26 The title of the novel may also owe something to Monkey Business (1931), one of the most celebrated films to star the American Jewish comedians the Marx Brothers. Jacobson’s fellow British Jewish novelist Simon Louvish borrowed the title for his biography of the brothers, which Jacobson reviewed for the Times Literary Supplement (see Jacobson 2000b: 20). There may even be an allusion to Louvish’s novel, Your Monkey’s Schmuck (1990), whose protagonist, like Ableman, has trouble separating his fiction from his life.
27 On the BBC Radio 4 programme Loose Ends, for example, Jacobson told Clive Anderson ‘I’m not very interested in action’ (Anderson 2017).
28 This gloomy prognosis is reinforced by a series of aphoristic formulations sprinkled throughout the novel, such as the claim that this is ‘the century of the dying word’ (41) and that ‘a novelist, now that the novel is dead, must experience every last ignominy’ (153).
29 It also recalls Jacobson’s first stab at fiction, a pamphlet entitled ‘The Ogre of Downing College’, which he co-authored with some fellow undergraduates, as an intervention in the contemporary debate between F.R. Leavis and C.P. Snow (see Gilbert 2017).
30 In an interview with Jacobson, Sophie Gilbert reports that ‘[w]hat alarmed him the most about Trump . . . wasn’t even Trump himself, but how determined so many people were to see greatness and virtue in him’ (Gilbert 2017).

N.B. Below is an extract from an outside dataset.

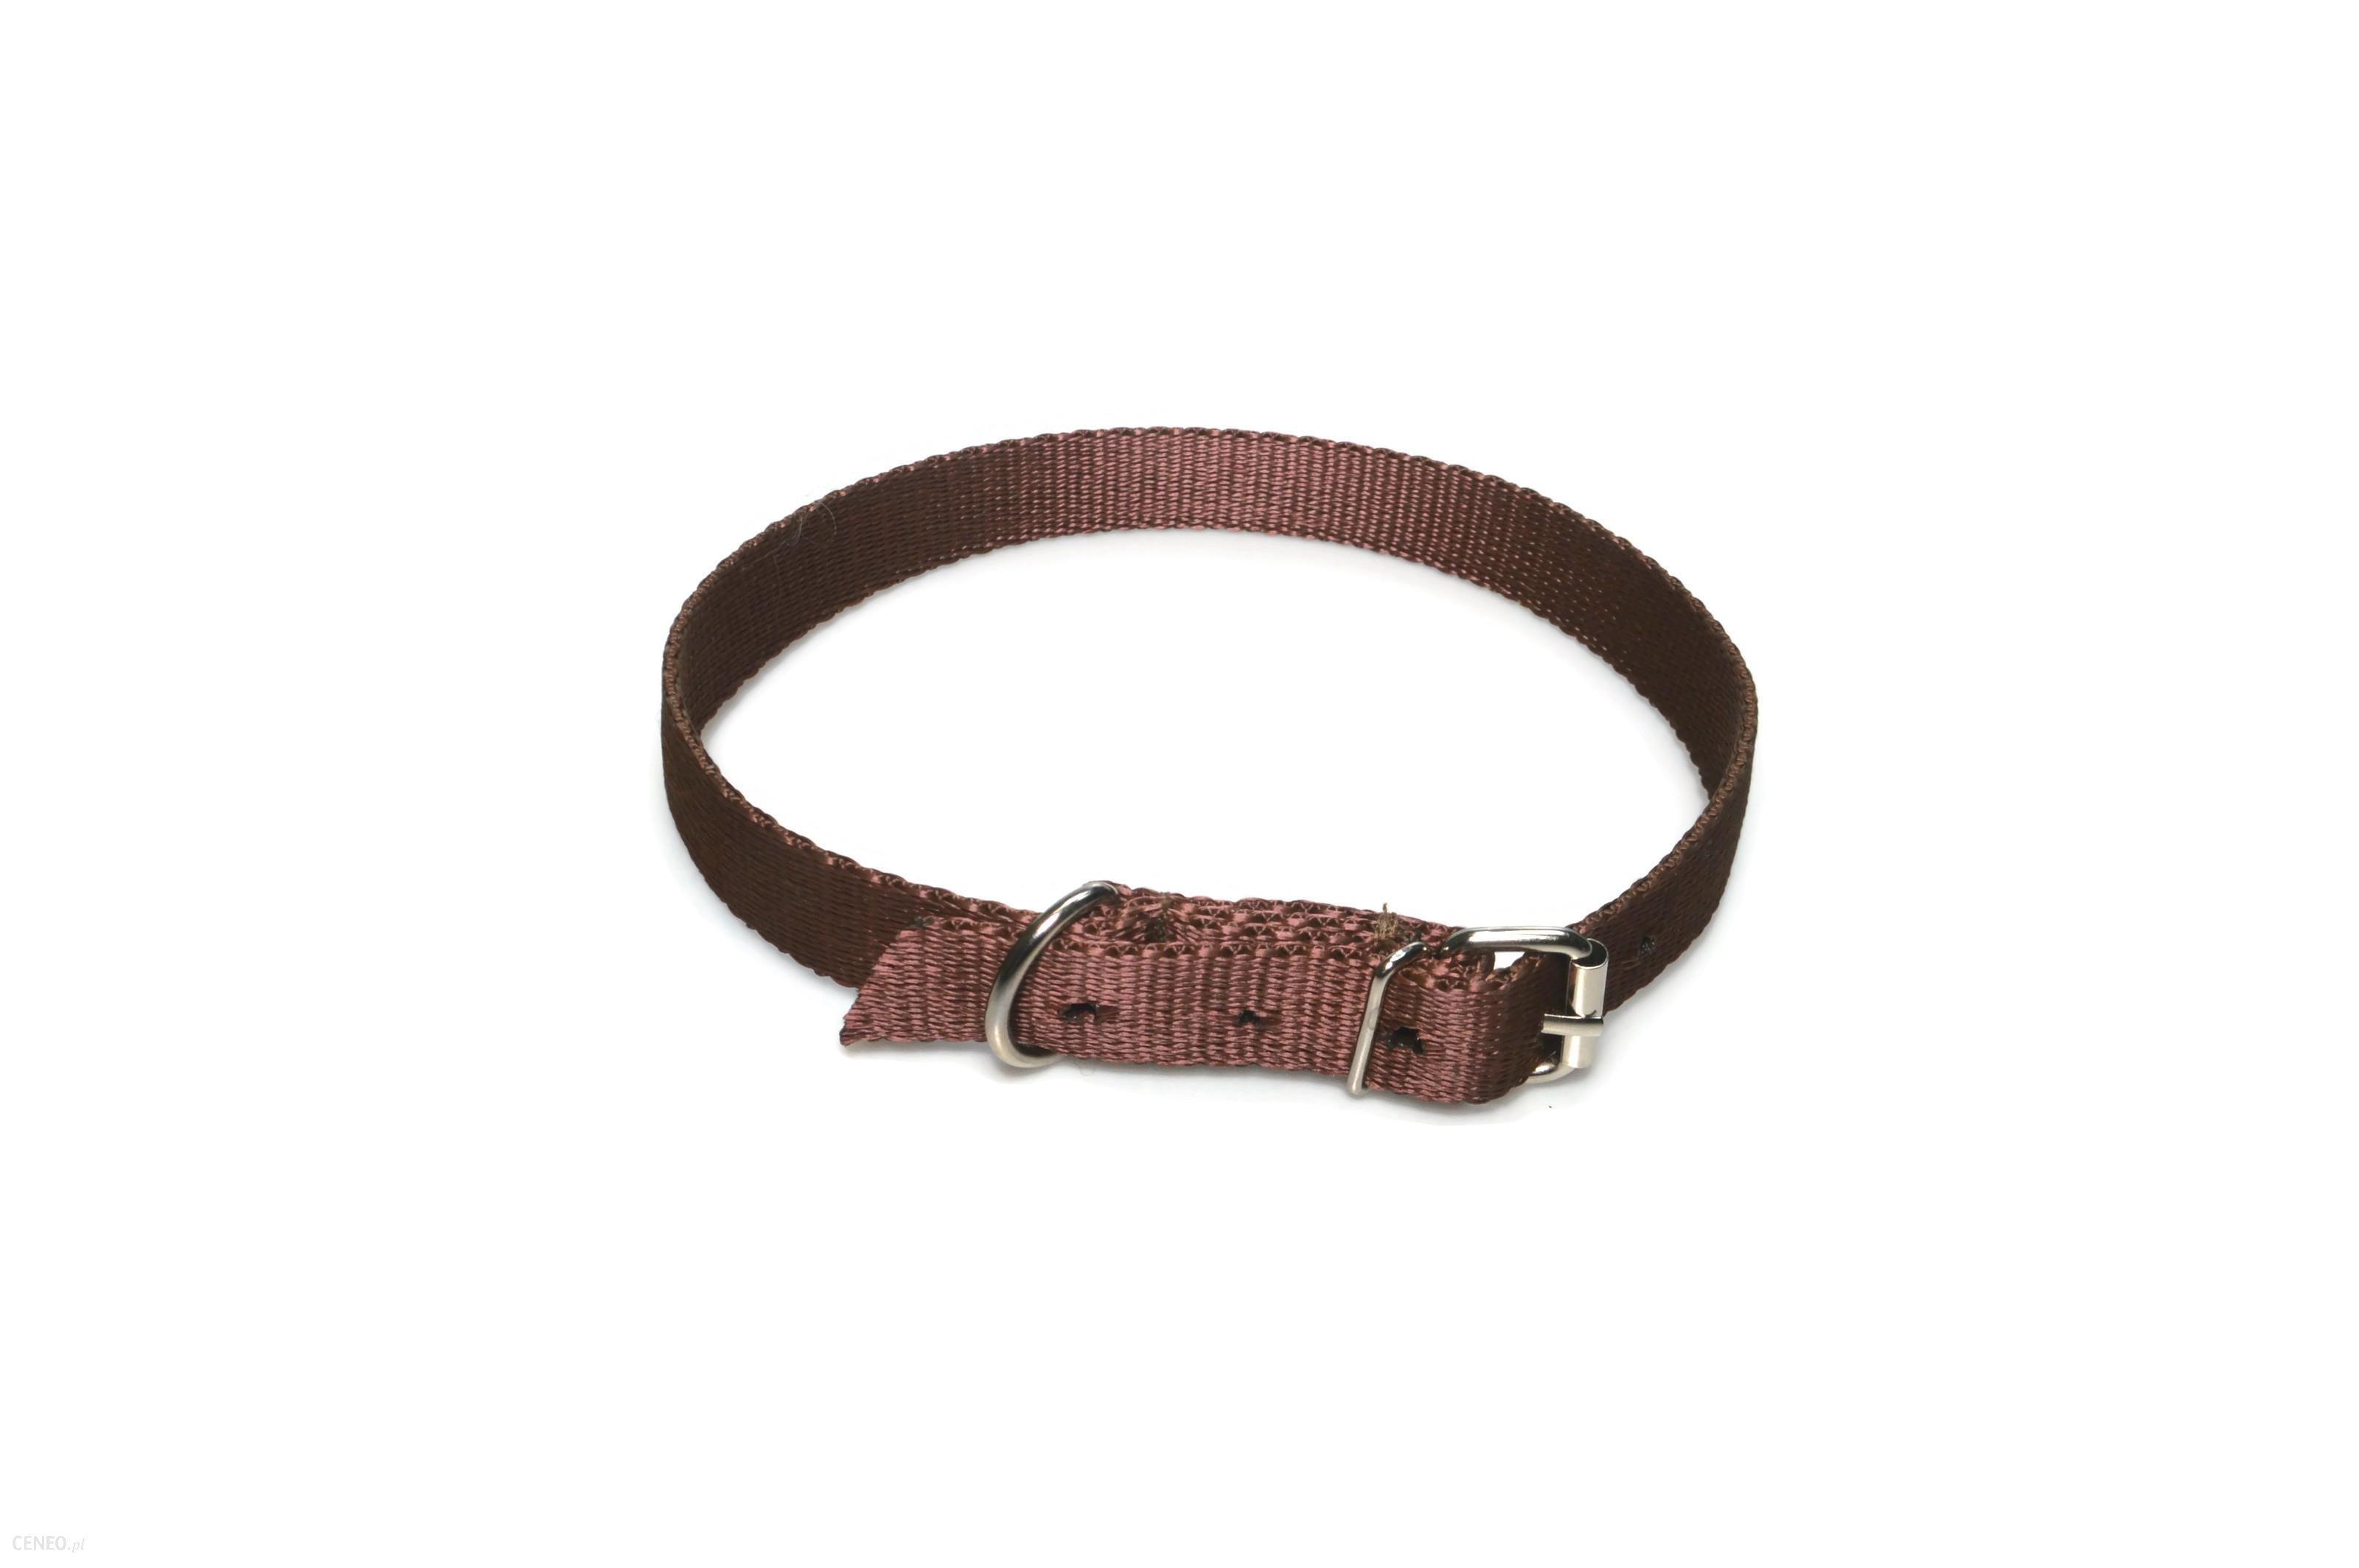 Alizoo Obroża dla dużego psa 25mm/44-59cm z metalową klamerką - (A011) Brązowy

31 Pussy also contains a number of other allusions to Shakespeare and other canonical authors. The titles of two of its chapters are taken from Sonnet 138 while other chapter titles (‘A hero of our time’ and ‘Containing the whole science of government’) are taken from Mikhail Lermontov’s 1840 novel and Dickens’ Little Dorrit (1857), respectively.